---------- Records to use
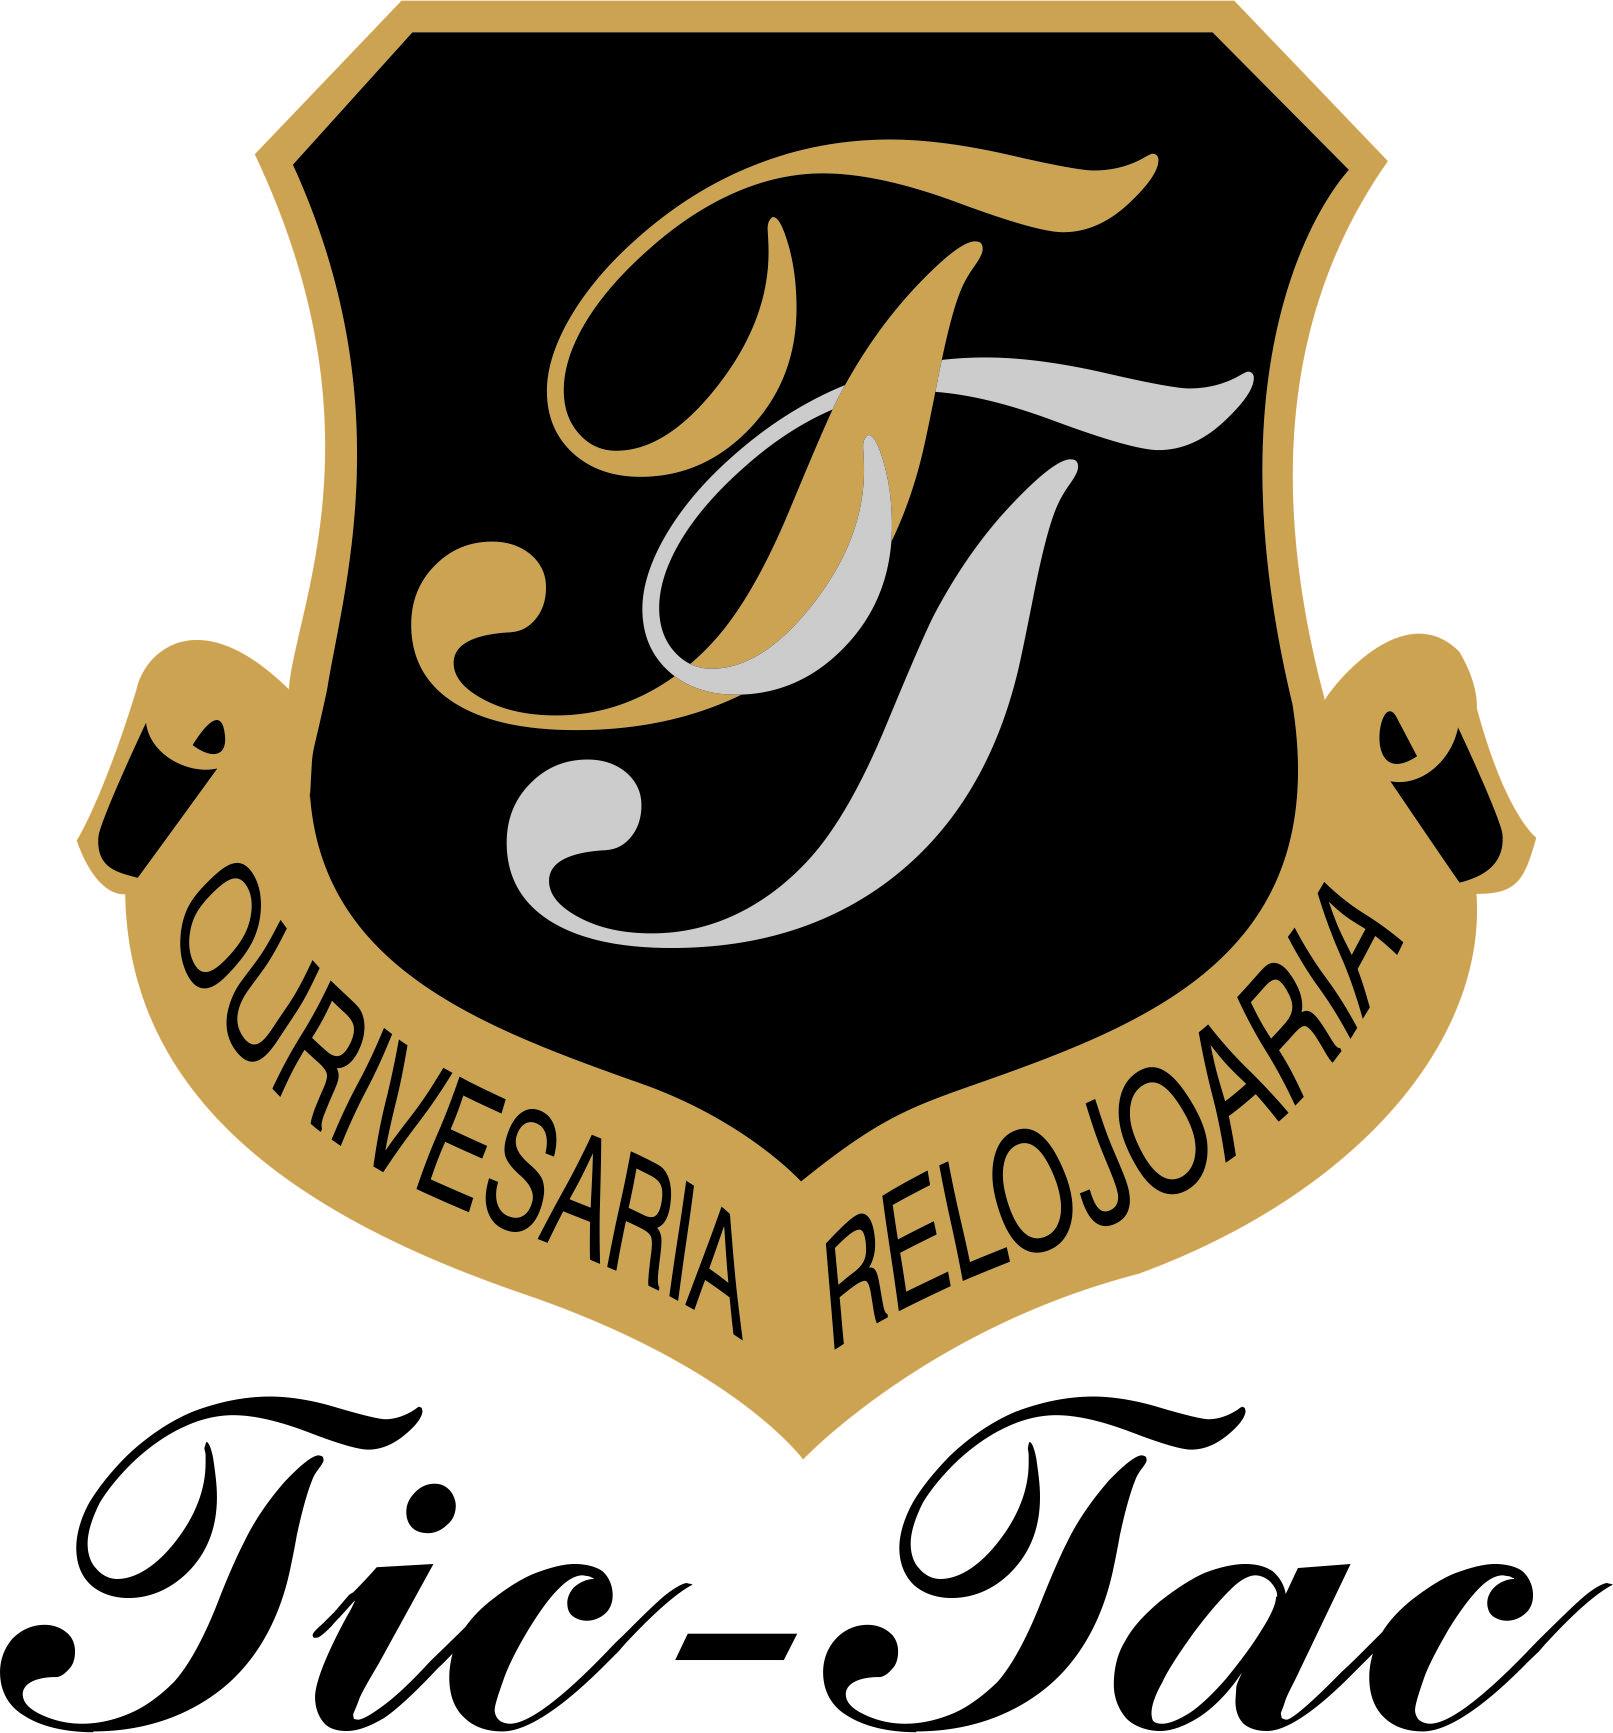 Tic Tac Ourivesaria
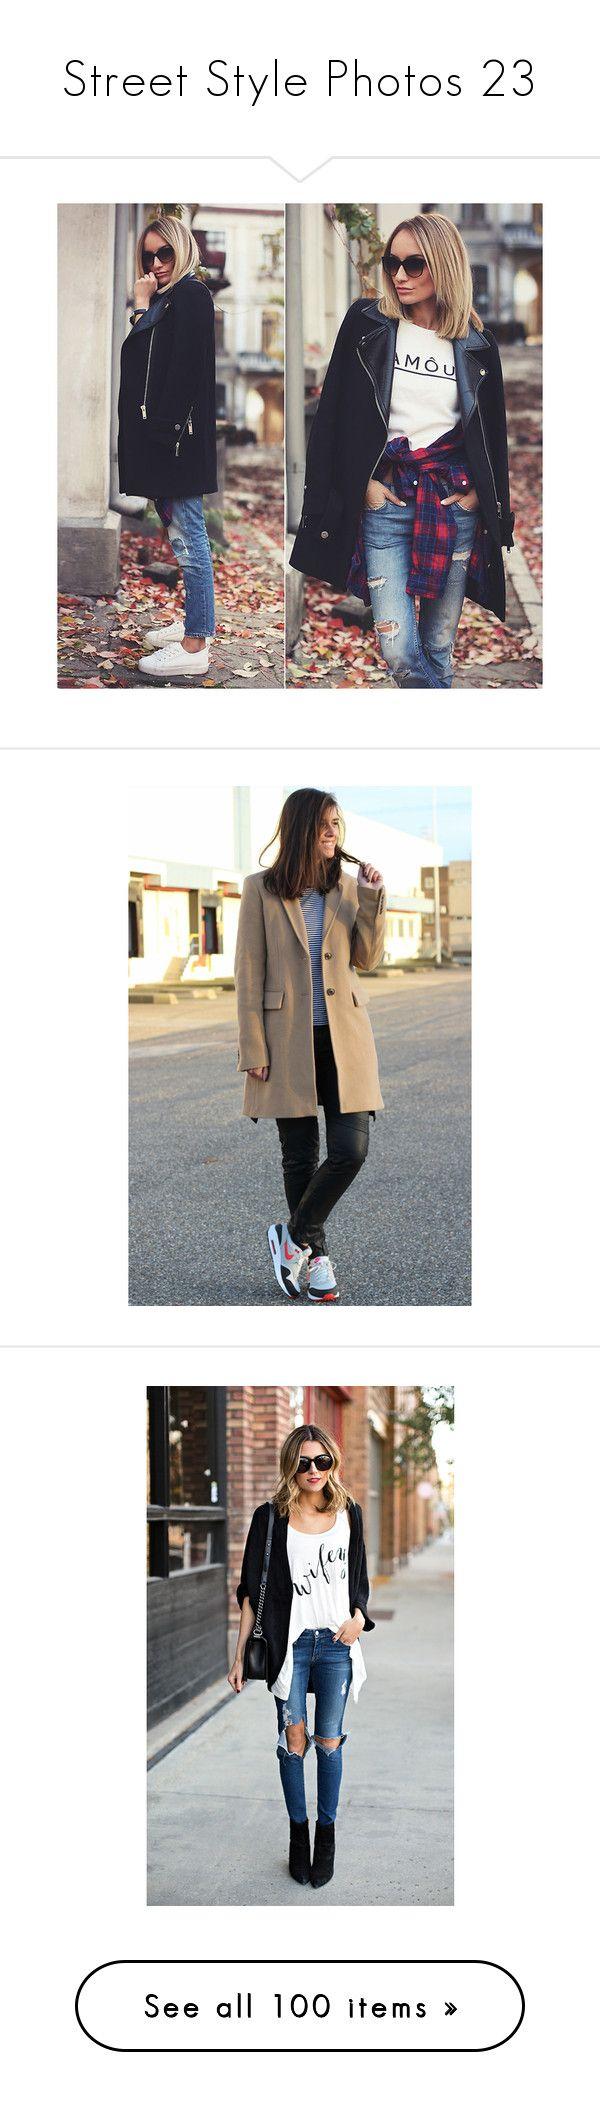 """Street Style Photos 23"" by chocolatepumma ❤ liked on Polyvore featuring pictures, outerwear, coats, nike coat, nike, brown coat, camel coat, white shrug, shrug cardigan and cardigan shrug"
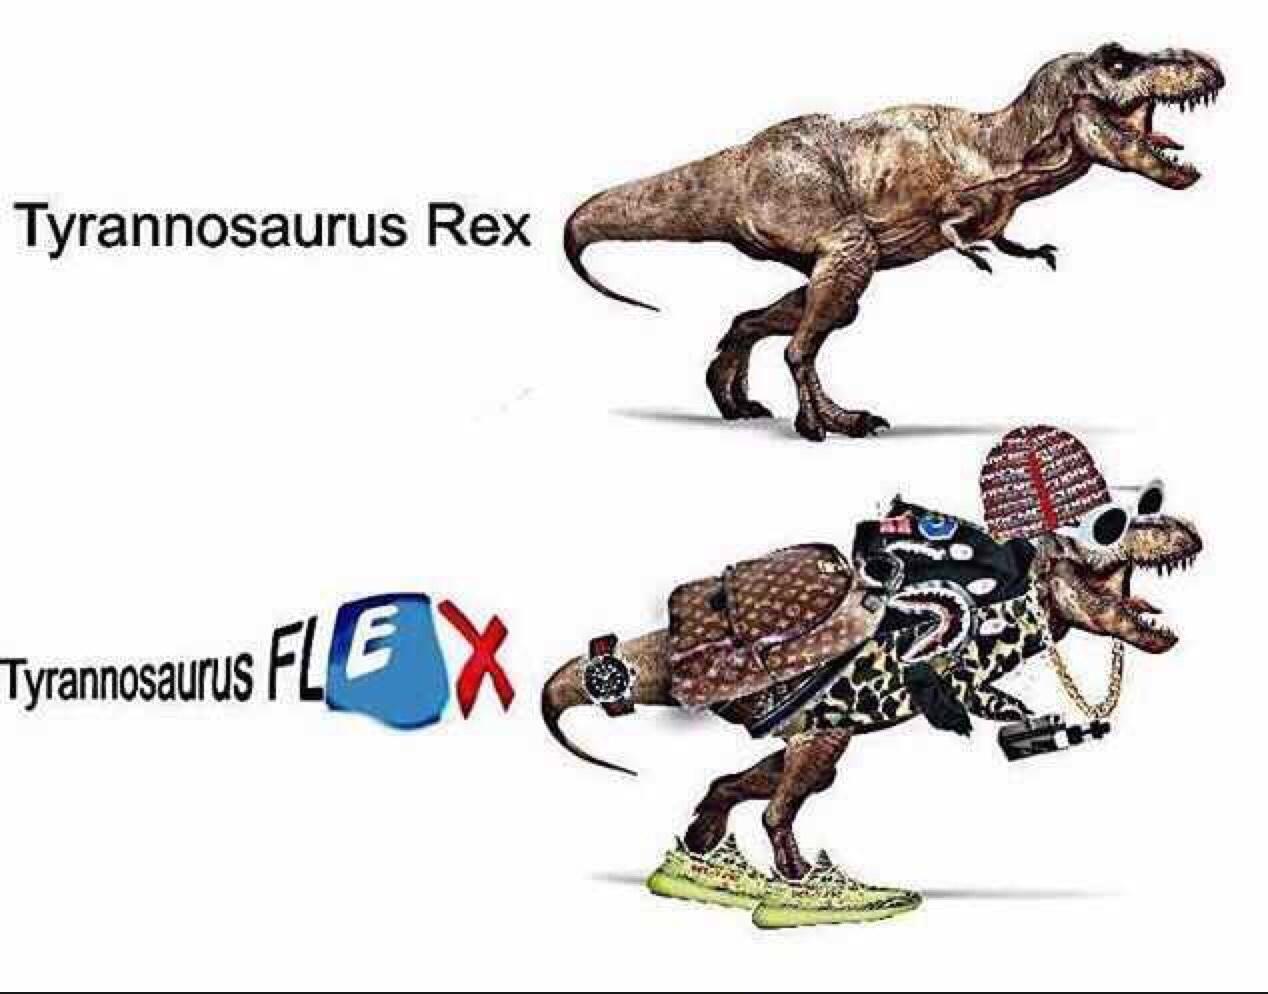 rice gums favourite dinosaur - meme
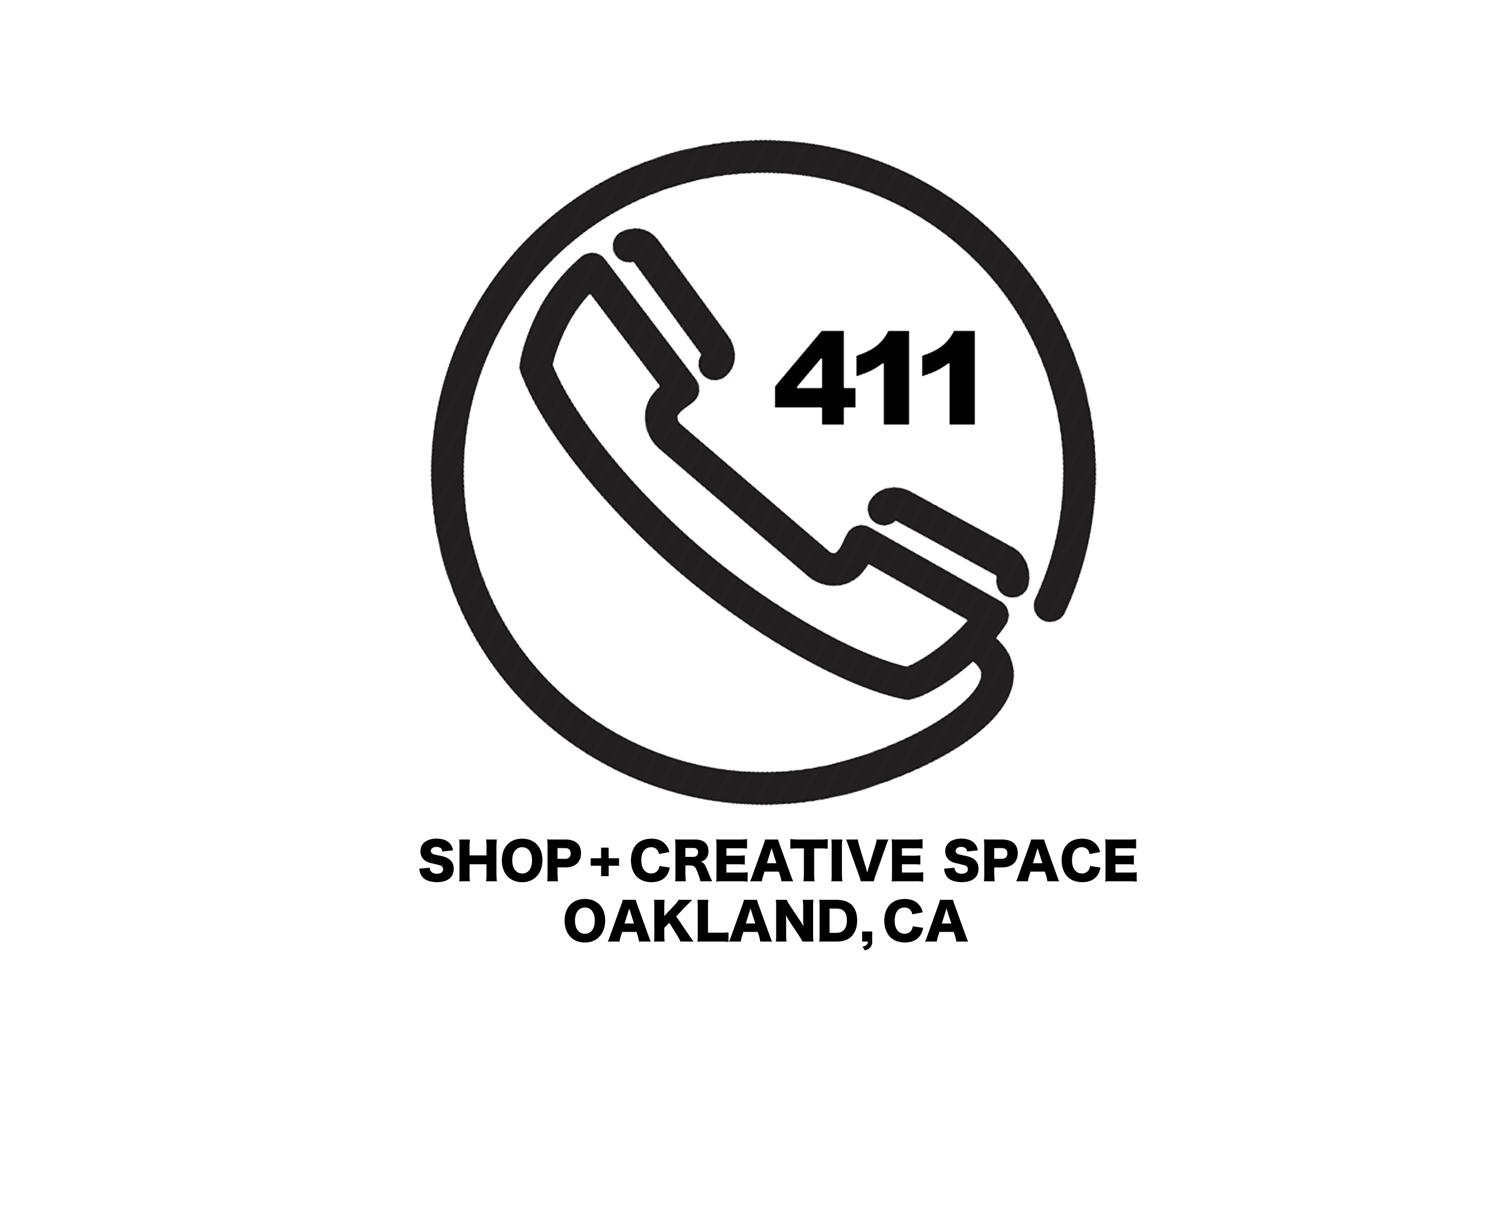 411 Oakland
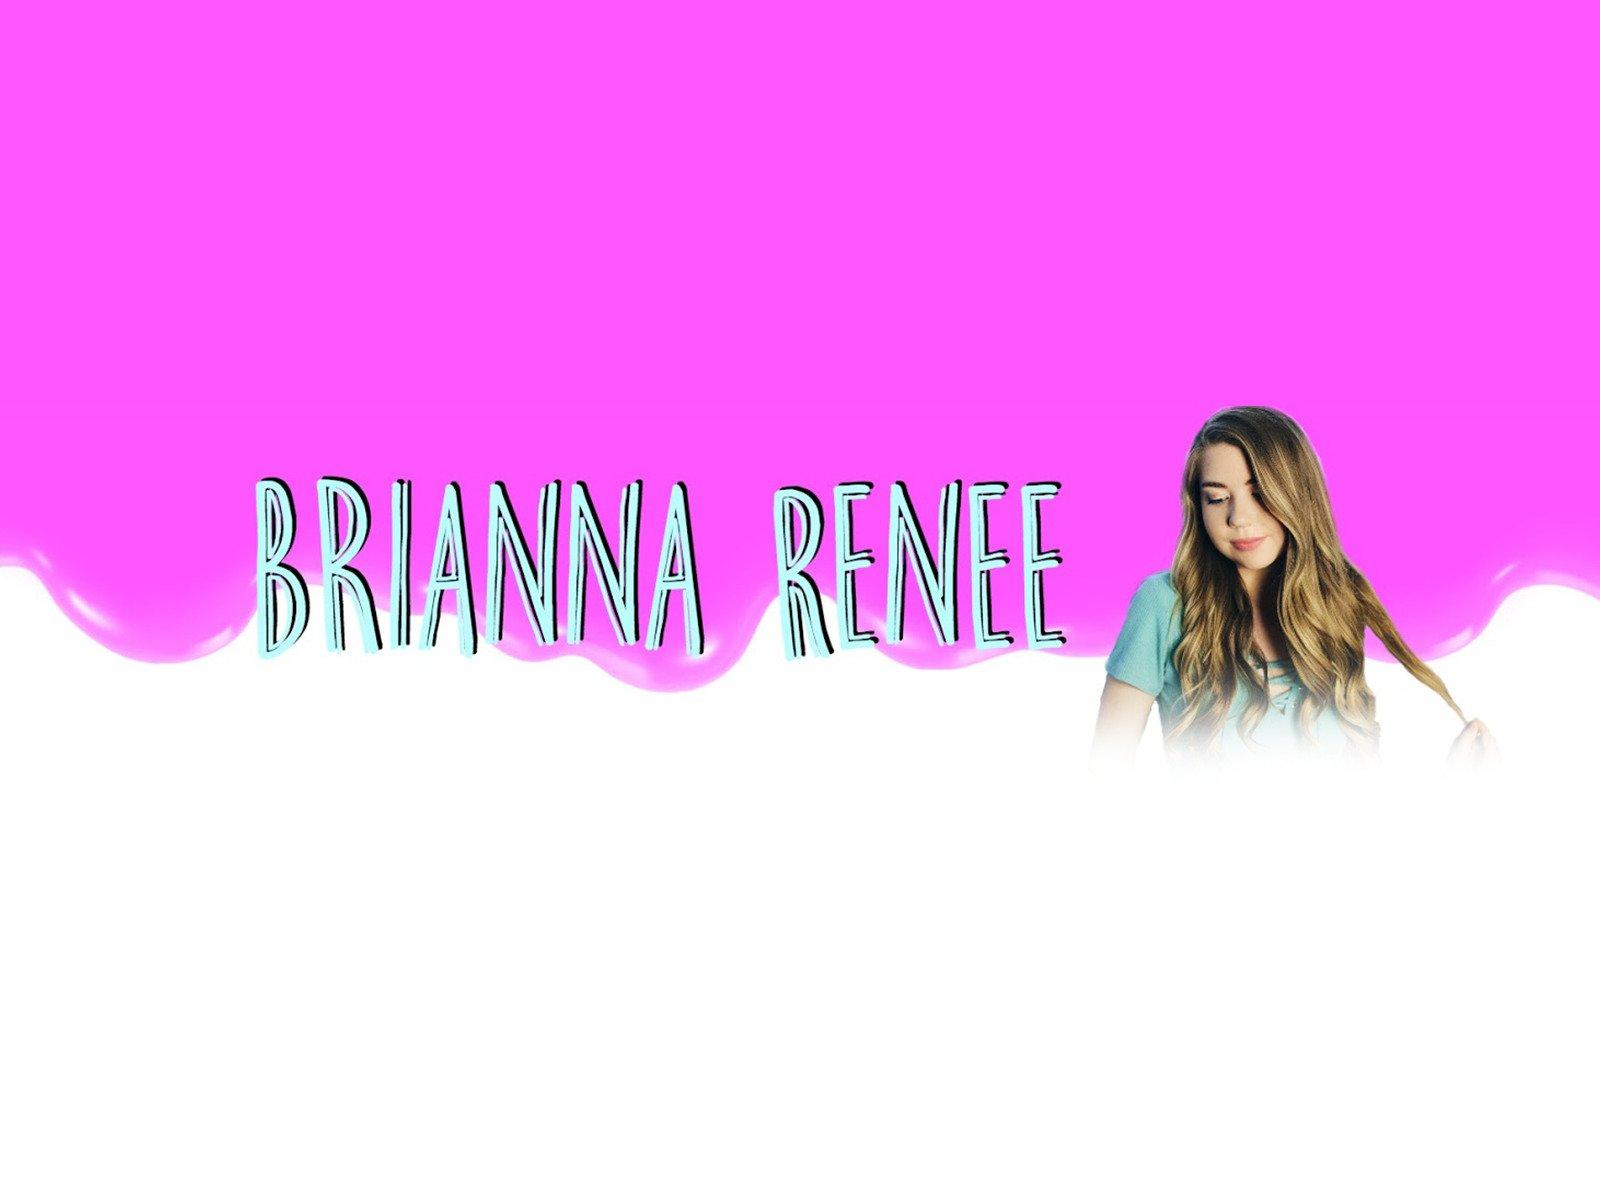 Brianna Renee - Season 2
--------------------
◆ **Task brief**
Every entry above should be duplicated exactly. Do not include the images.

◆ **Response to this task**
 Tic Tac Ourivesaria
 """Street Style Photos 23"" by chocolatepumma ❤ liked on Polyvore featuring pictures, outerwear, coats, nike coat, nike, brown coat, camel coat, white shrug, shrug cardigan and cardigan shrug"
 rice gums favourite dinosaur - meme
 411 Oakland
 Brianna Renee - Season 2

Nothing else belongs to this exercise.